Pictures aside, reproduce exactly each line from the one holding "Pont des Arts, flood" through the last line of the material, both ends included.

Source material:
= Beginning of Section =
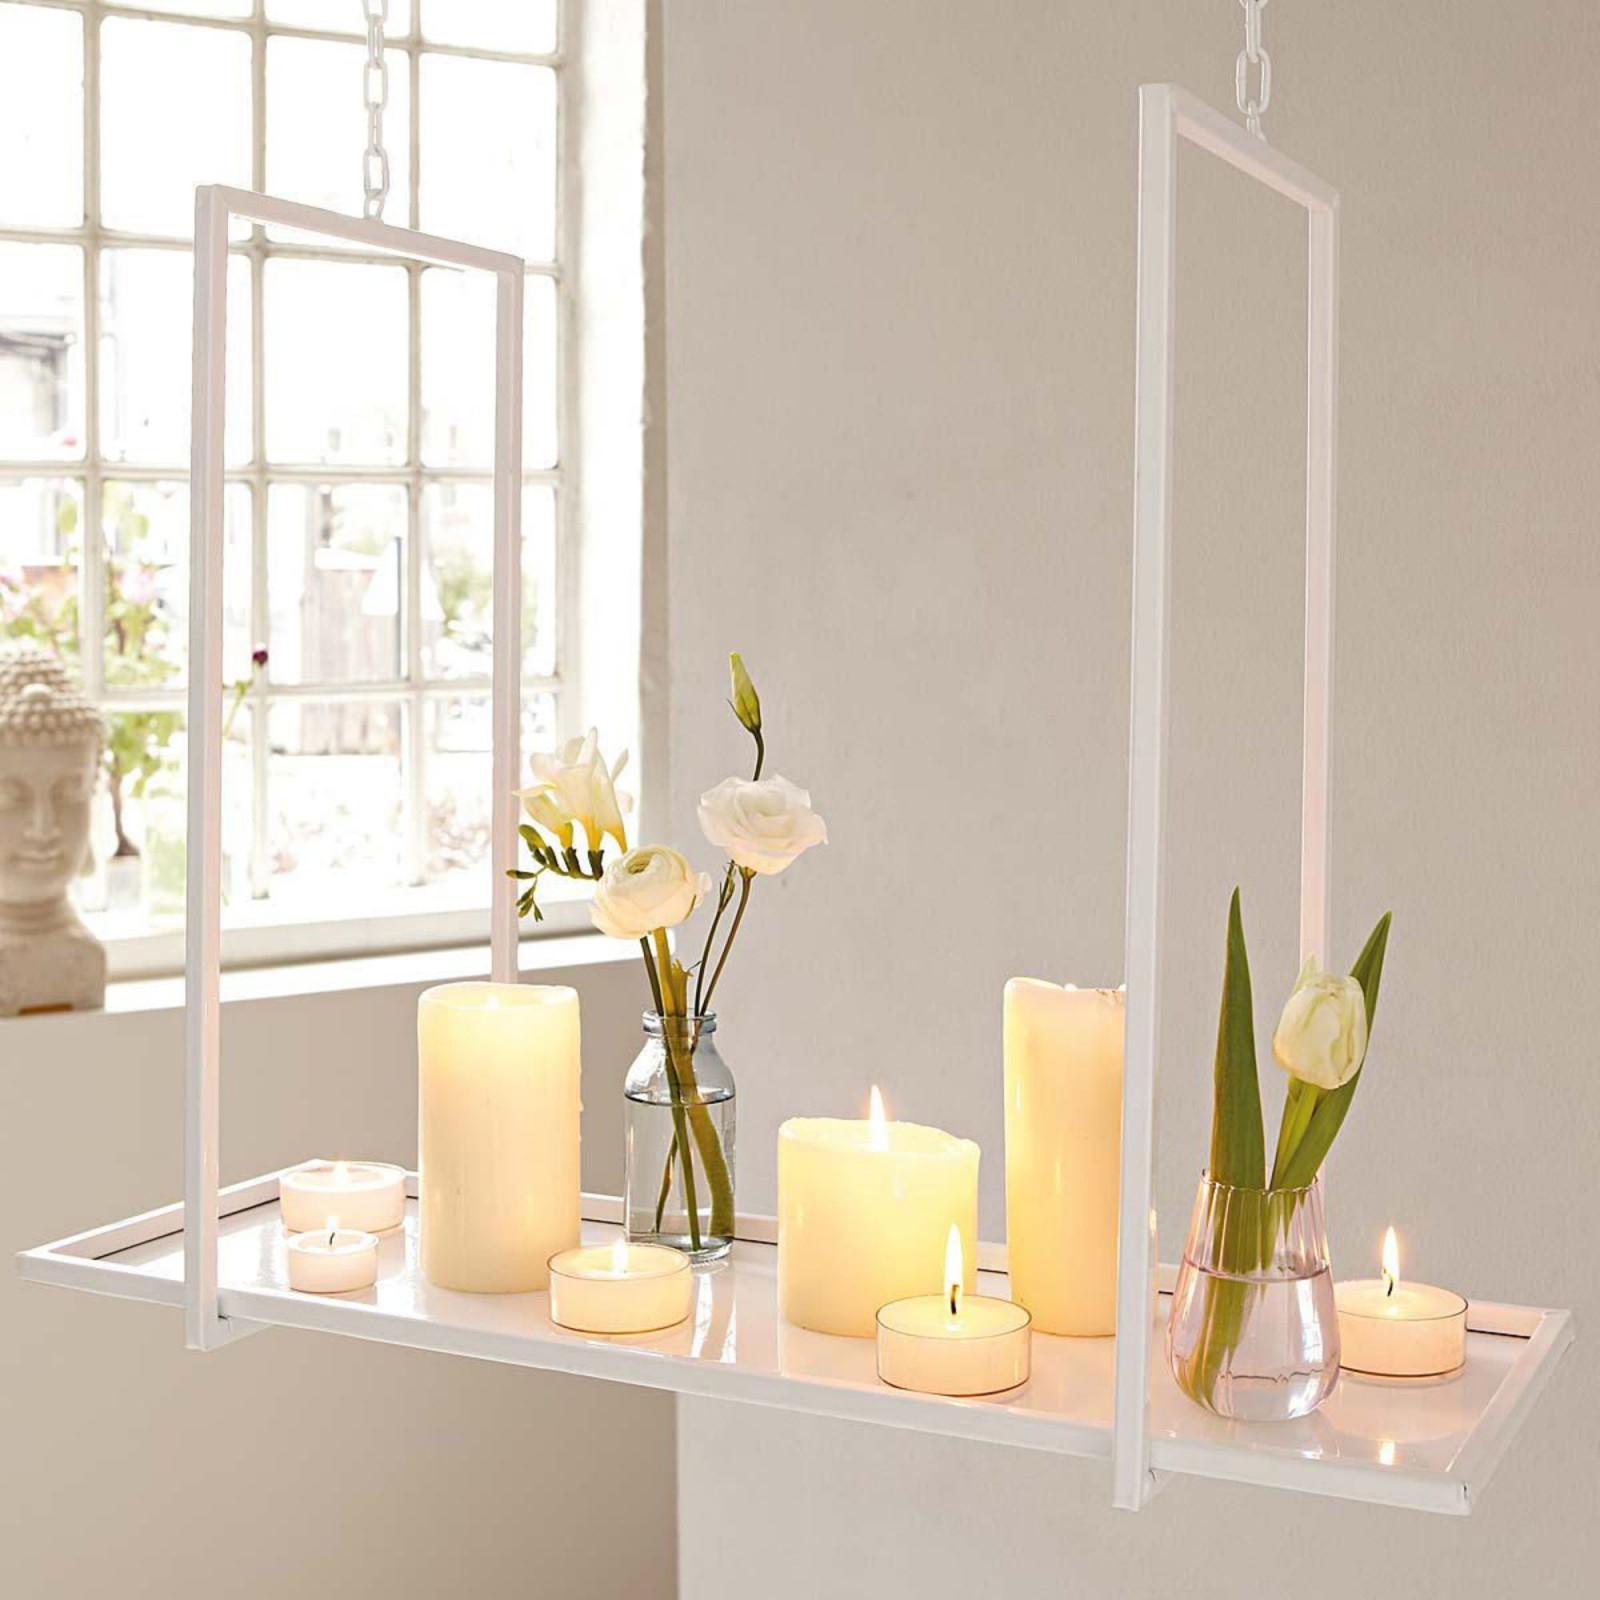 Kerzentablett Zum Hängen Weiß Zum Hängen Metall von Deko Hängend Wohnzimmer Bild
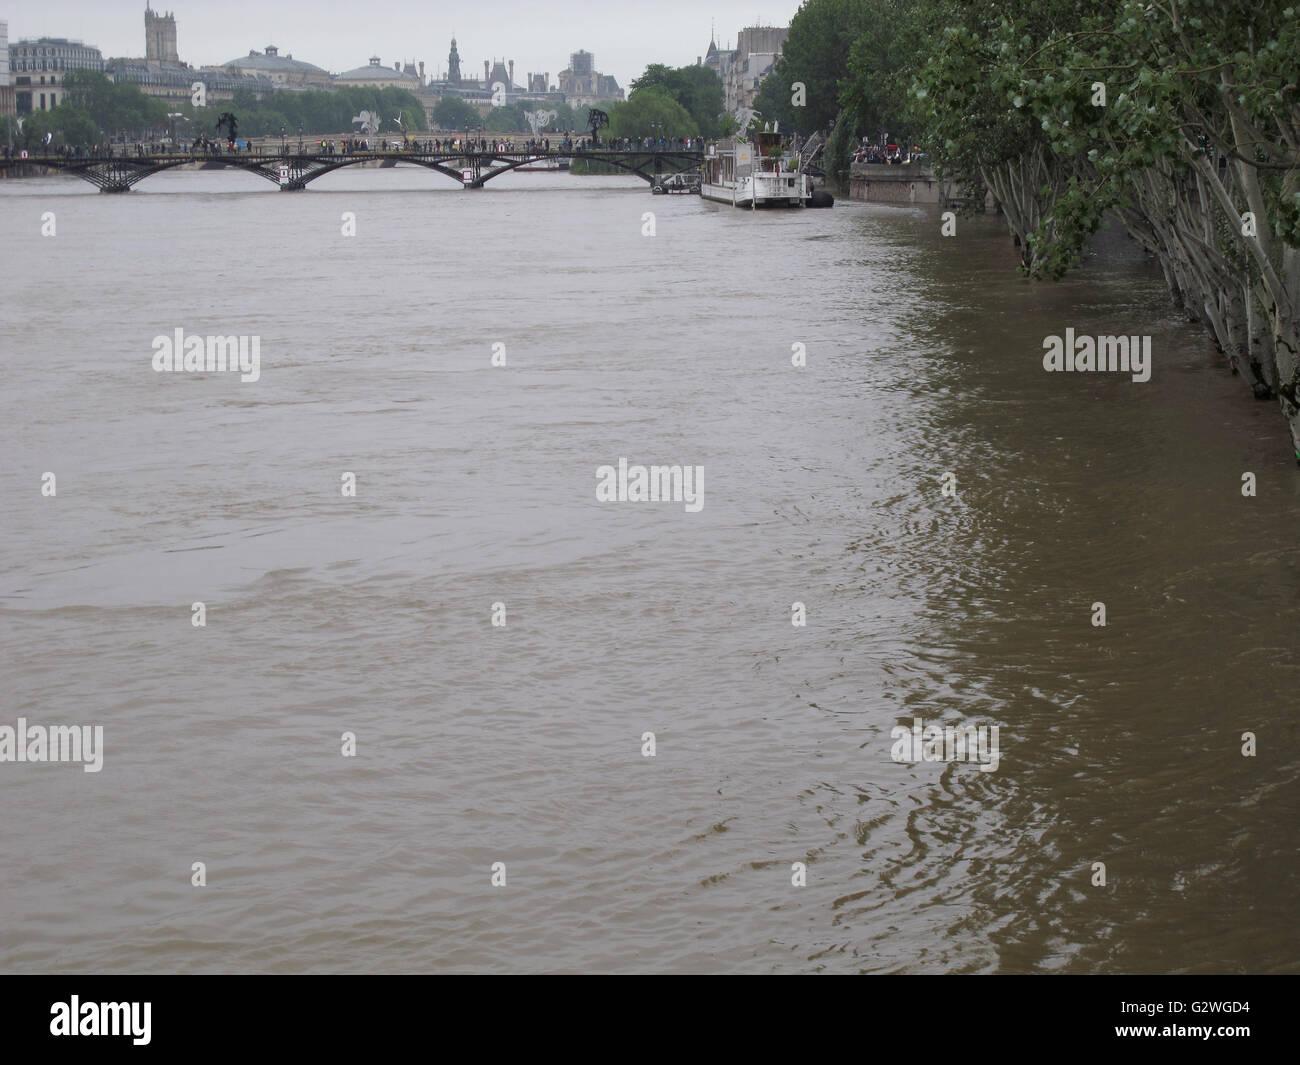 Pont des Arts, flood of the Seine river, June 3, 2016, Paris, France - Stock Image
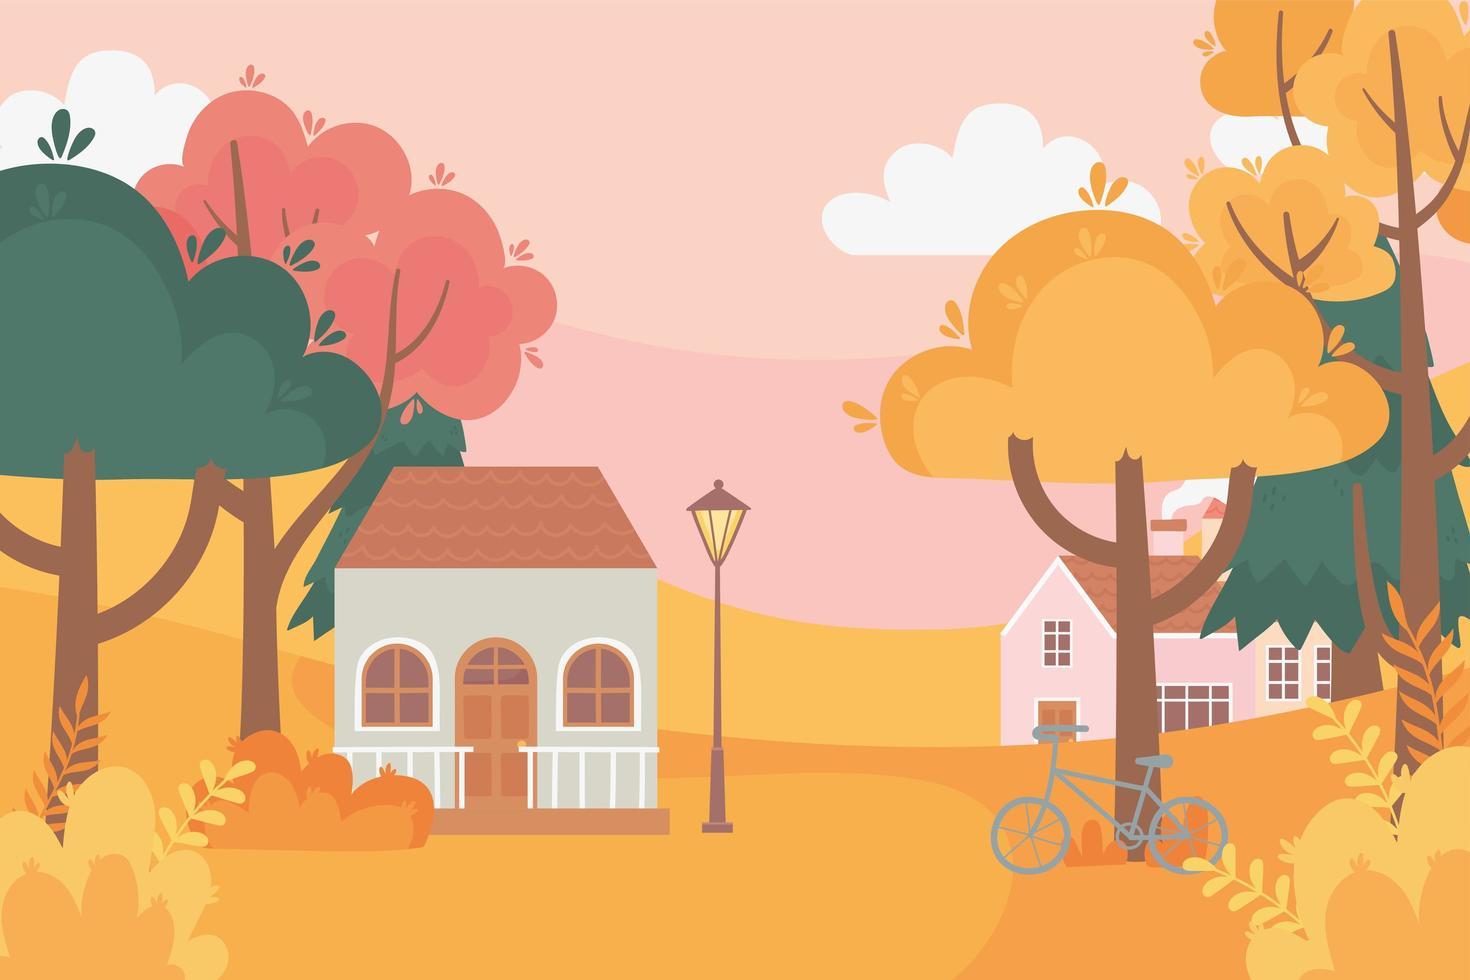 Landschaft im Herbst. Häuser, Fahrrad, Lampe und Bäume vektor
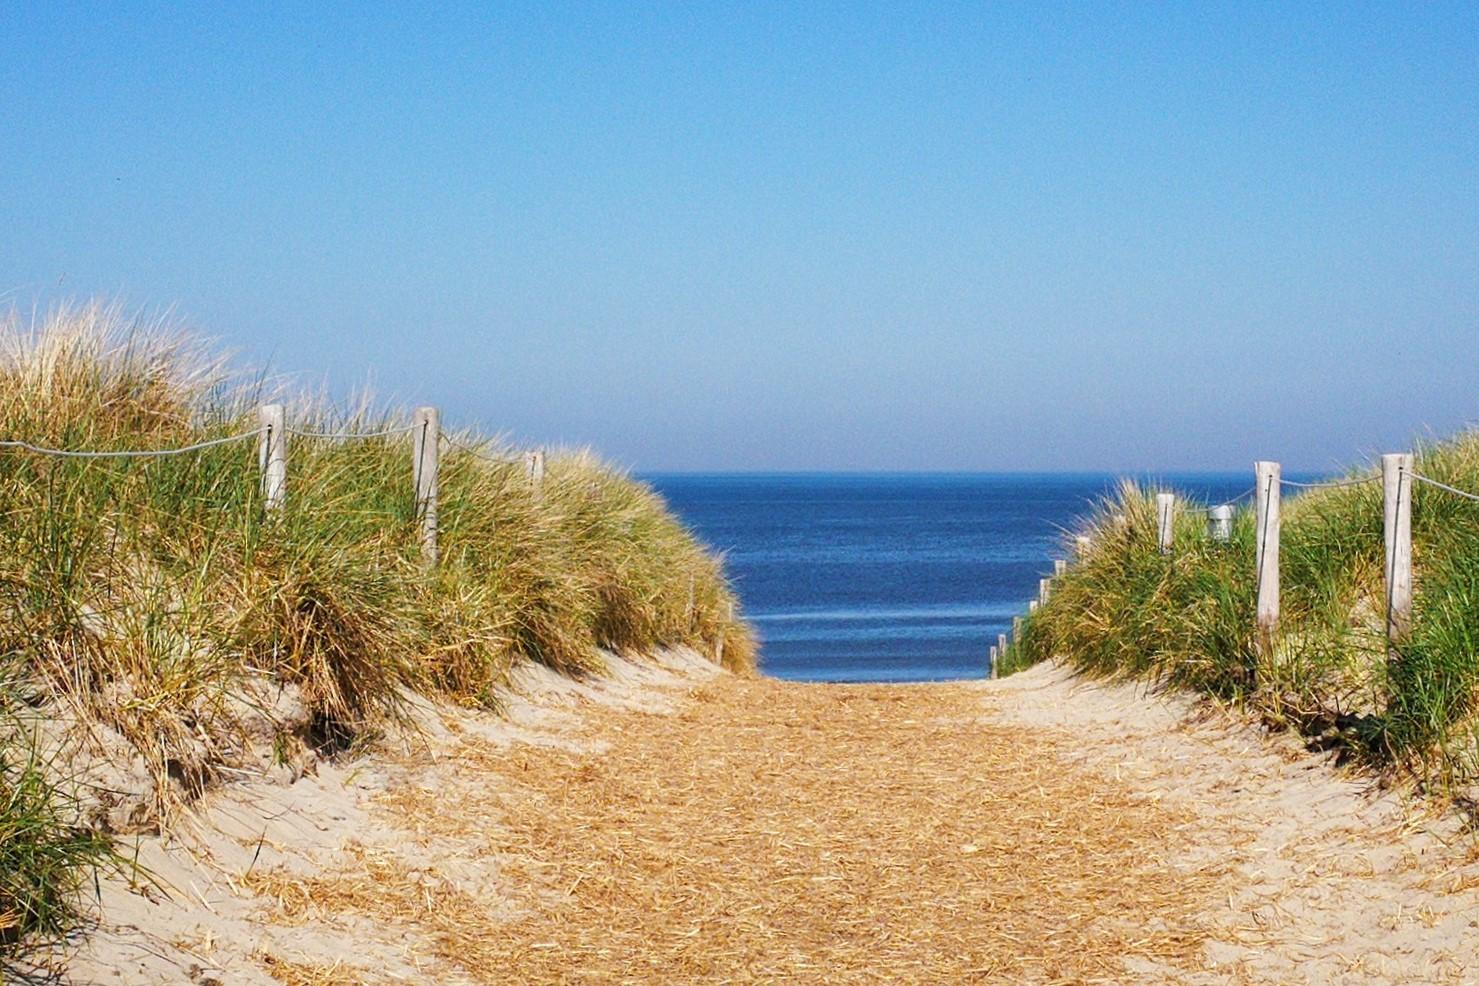 Dalle dune al mare
= End of Section =
Solution:
 Pont des Arts, flood of the Seine river, June 3, 2016, Paris, France - Stock Image
 Landschaft im Herbst. Häuser, Fahrrad, Lampe und Bäume vektor
 Dalle dune al mare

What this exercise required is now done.